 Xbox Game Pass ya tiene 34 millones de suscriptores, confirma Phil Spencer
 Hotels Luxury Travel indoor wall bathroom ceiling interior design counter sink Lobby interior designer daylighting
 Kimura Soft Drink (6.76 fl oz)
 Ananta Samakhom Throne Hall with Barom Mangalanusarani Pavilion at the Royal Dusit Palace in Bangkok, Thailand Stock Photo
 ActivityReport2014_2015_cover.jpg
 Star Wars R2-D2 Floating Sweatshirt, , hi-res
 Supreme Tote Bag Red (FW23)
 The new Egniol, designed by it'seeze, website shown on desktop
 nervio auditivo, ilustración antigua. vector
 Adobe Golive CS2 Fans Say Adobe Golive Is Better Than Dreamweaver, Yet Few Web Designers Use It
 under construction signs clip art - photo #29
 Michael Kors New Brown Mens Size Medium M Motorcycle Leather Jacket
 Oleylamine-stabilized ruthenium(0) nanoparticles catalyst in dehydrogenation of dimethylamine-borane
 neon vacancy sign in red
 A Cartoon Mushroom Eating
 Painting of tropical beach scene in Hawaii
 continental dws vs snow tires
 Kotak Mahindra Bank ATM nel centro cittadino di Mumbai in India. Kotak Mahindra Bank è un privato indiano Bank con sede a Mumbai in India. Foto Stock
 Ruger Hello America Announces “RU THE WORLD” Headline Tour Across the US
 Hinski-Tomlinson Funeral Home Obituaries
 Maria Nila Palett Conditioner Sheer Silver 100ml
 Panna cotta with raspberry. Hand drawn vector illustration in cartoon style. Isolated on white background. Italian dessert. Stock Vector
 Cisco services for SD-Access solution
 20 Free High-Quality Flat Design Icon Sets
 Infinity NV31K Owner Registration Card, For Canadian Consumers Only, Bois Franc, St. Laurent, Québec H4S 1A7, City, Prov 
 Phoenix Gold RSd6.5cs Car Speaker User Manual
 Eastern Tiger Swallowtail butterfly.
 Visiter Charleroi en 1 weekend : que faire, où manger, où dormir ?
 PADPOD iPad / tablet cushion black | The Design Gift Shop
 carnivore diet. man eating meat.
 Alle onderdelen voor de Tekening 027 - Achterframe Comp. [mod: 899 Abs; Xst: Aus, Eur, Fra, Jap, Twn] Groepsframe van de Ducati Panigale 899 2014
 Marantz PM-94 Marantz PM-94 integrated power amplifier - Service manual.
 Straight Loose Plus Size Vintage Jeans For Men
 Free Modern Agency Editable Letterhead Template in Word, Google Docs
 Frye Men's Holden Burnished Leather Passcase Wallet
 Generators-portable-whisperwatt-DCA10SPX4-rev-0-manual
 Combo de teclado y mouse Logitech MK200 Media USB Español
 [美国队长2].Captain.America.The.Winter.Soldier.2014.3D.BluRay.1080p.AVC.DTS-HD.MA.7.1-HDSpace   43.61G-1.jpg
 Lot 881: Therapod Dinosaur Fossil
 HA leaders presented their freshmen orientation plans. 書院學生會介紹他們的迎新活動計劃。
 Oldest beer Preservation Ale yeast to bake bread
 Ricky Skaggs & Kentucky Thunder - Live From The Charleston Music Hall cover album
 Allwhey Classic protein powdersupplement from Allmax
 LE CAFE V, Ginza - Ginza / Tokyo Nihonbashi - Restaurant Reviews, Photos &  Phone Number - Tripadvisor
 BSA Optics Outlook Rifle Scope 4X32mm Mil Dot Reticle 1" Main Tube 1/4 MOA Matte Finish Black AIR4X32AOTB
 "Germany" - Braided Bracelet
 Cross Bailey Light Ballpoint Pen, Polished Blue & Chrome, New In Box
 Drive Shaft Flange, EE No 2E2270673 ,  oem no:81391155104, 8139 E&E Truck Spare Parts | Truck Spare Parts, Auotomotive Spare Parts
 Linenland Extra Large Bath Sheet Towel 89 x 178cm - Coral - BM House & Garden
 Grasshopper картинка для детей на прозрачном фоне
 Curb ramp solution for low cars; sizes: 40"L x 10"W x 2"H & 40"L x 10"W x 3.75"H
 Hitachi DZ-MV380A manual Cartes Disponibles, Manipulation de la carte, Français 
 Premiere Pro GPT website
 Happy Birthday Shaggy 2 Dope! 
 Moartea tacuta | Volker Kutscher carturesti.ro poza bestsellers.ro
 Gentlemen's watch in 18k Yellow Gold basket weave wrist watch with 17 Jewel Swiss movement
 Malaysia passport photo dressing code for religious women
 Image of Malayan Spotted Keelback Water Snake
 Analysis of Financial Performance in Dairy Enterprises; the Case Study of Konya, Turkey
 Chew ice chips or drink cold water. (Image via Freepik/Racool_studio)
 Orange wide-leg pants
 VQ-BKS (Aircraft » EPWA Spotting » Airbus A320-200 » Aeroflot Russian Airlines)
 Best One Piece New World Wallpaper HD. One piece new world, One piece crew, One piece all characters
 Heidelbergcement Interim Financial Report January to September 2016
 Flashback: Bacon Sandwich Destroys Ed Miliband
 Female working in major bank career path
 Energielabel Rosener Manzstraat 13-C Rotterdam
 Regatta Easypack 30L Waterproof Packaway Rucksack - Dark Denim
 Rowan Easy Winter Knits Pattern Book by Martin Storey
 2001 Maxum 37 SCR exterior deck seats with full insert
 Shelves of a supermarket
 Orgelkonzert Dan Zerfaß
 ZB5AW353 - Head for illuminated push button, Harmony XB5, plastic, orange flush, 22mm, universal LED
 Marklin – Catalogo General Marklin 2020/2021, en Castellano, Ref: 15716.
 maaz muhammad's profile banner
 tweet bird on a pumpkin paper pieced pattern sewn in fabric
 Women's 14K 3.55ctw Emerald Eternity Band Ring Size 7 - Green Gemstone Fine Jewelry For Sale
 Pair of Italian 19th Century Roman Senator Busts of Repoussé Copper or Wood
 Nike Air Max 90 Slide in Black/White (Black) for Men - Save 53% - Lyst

Requirement :: Beginning with the line containing "Adobe Golive CS2" in the material above, copy every line exactly until you have copied the line containing "Combo de teclado".

Exercise response ::
 Adobe Golive CS2 Fans Say Adobe Golive Is Better Than Dreamweaver, Yet Few Web Designers Use It
 under construction signs clip art - photo #29
 Michael Kors New Brown Mens Size Medium M Motorcycle Leather Jacket
 Oleylamine-stabilized ruthenium(0) nanoparticles catalyst in dehydrogenation of dimethylamine-borane
 neon vacancy sign in red
 A Cartoon Mushroom Eating
 Painting of tropical beach scene in Hawaii
 continental dws vs snow tires
 Kotak Mahindra Bank ATM nel centro cittadino di Mumbai in India. Kotak Mahindra Bank è un privato indiano Bank con sede a Mumbai in India. Foto Stock
 Ruger Hello America Announces “RU THE WORLD” Headline Tour Across the US
 Hinski-Tomlinson Funeral Home Obituaries
 Maria Nila Palett Conditioner Sheer Silver 100ml
 Panna cotta with raspberry. Hand drawn vector illustration in cartoon style. Isolated on white background. Italian dessert. Stock Vector
 Cisco services for SD-Access solution
 20 Free High-Quality Flat Design Icon Sets
 Infinity NV31K Owner Registration Card, For Canadian Consumers Only, Bois Franc, St. Laurent, Québec H4S 1A7, City, Prov 
 Phoenix Gold RSd6.5cs Car Speaker User Manual
 Eastern Tiger Swallowtail butterfly.
 Visiter Charleroi en 1 weekend : que faire, où manger, où dormir ?
 PADPOD iPad / tablet cushion black | The Design Gift Shop
 carnivore diet. man eating meat.
 Alle onderdelen voor de Tekening 027 - Achterframe Comp. [mod: 899 Abs; Xst: Aus, Eur, Fra, Jap, Twn] Groepsframe van de Ducati Panigale 899 2014
 Marantz PM-94 Marantz PM-94 integrated power amplifier - Service manual.
 Straight Loose Plus Size Vintage Jeans For Men
 Free Modern Agency Editable Letterhead Template in Word, Google Docs
 Frye Men's Holden Burnished Leather Passcase Wallet
 Generators-portable-whisperwatt-DCA10SPX4-rev-0-manual
 Combo de teclado y mouse Logitech MK200 Media USB Español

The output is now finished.